The situation led to all gene-edited animals being classified and regulated as drugs, and subject to FDA oversight, as President Barack Obama was leaving office in January 2017.

“Recombinetics was saying that they had checked everything out and they hadn’t,” Hanson says. “And the FDA scientists kind of went over the heads of their bosses and did the research that demonstrated that this was a transgenetic animal, not just an ordinary hornless cow.”
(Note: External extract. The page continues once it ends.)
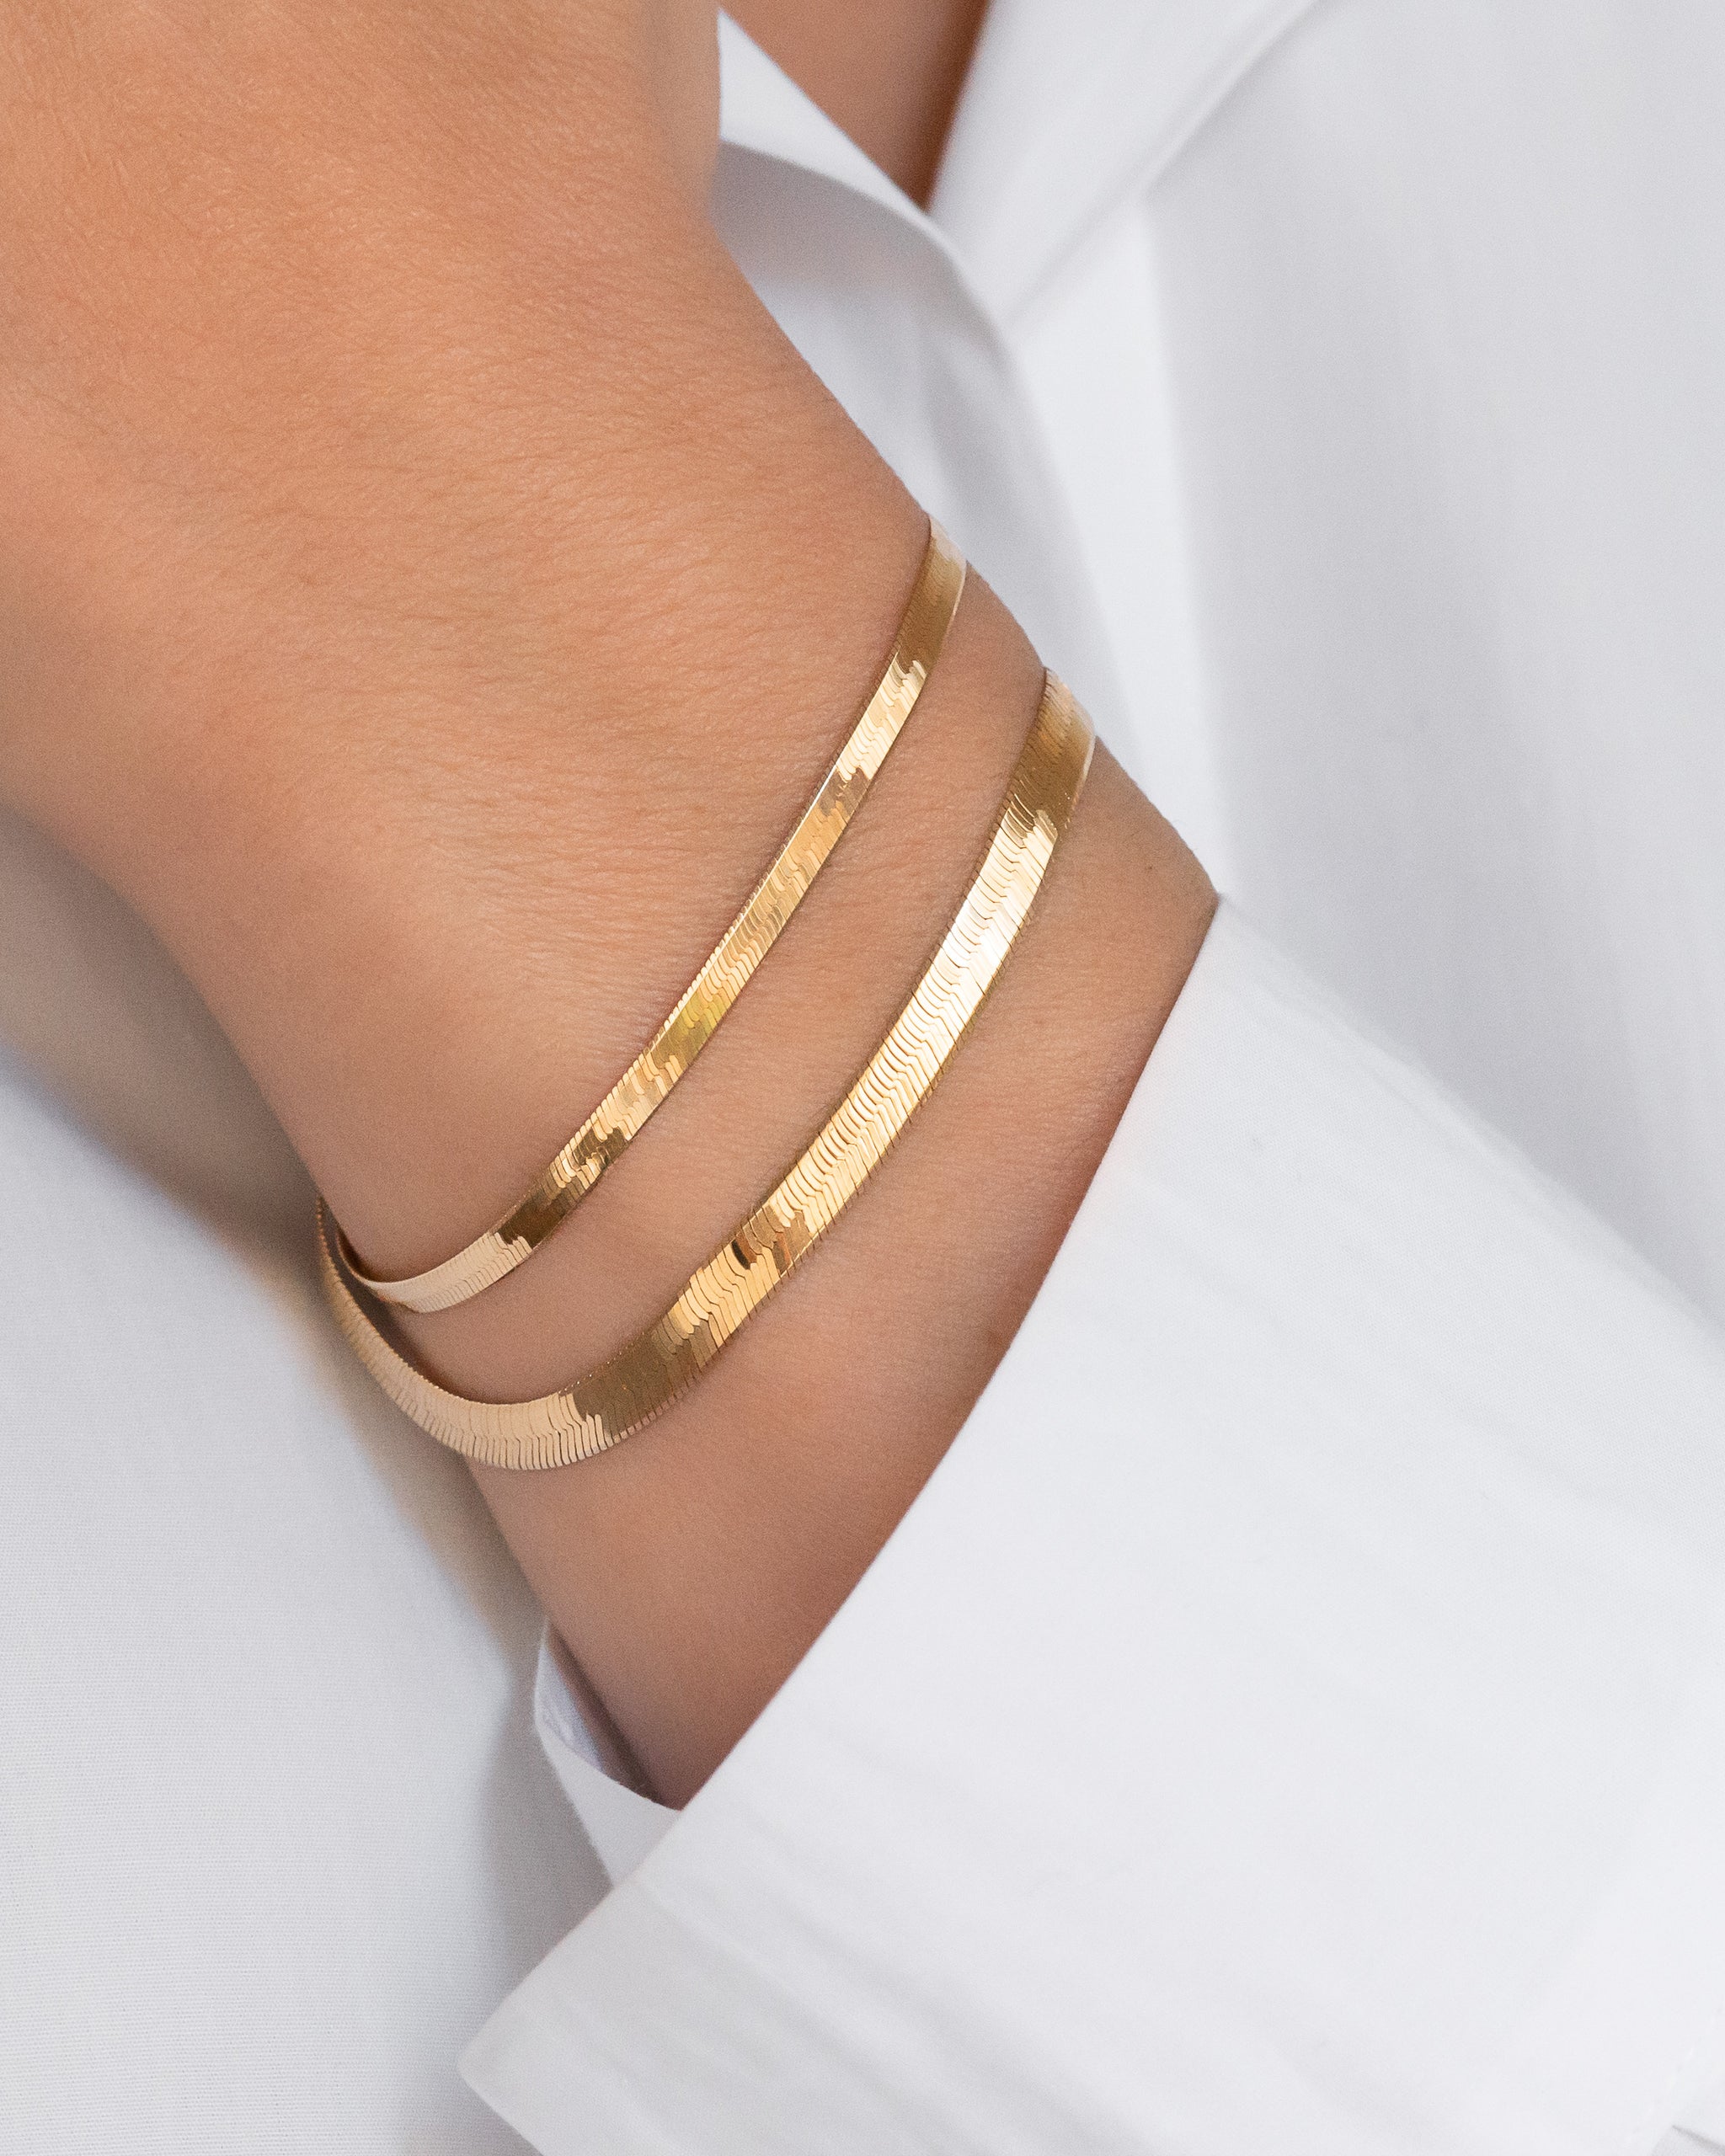 Large Herringbone Gold Bracelet

That’s why Hanson and others within the natural food industry point to the Recombinetics scenario as a wake-up call and dire warning if regulatory oversight is moved from the FDA to the USDA.

In a Feb. 26 letter to the USDA, Hanson and William Freese, a senior scientist for the Center for Food Safety, say the USDA should have known that gene editing techniques, such as use of engineered nucleases, cause off-target mutations.

They say the USDA’s track record in this area, “speaks against investing it with regulatory authority over genetically engineered animals and fish.” The letter cites the Department’s Animal and Plant Health Inspection Service (APHIS) “declined to develop extensive regulations to oversee genetically engineered animals and developed only limited protocols to govern scientists’ research on genetically engineered animals and insects, despite explicit recommendations from the USDA Inspector General to develop regulations.”

Hanson says the pending decision on who will regulate what genetic modifications are or aren’t regulated and what safety review process needs to be included could have a profound impact on the food system within the U.S.

“We all have a fundamental right to at least know what is in our food,” Eisenbeis says. “And if we want to avoid GMOs, we want to know if they are in there or not. Otherwise it’s not up to us. It’s up to the companies and we have no idea what we’re buying and putting on the table in front of kids.”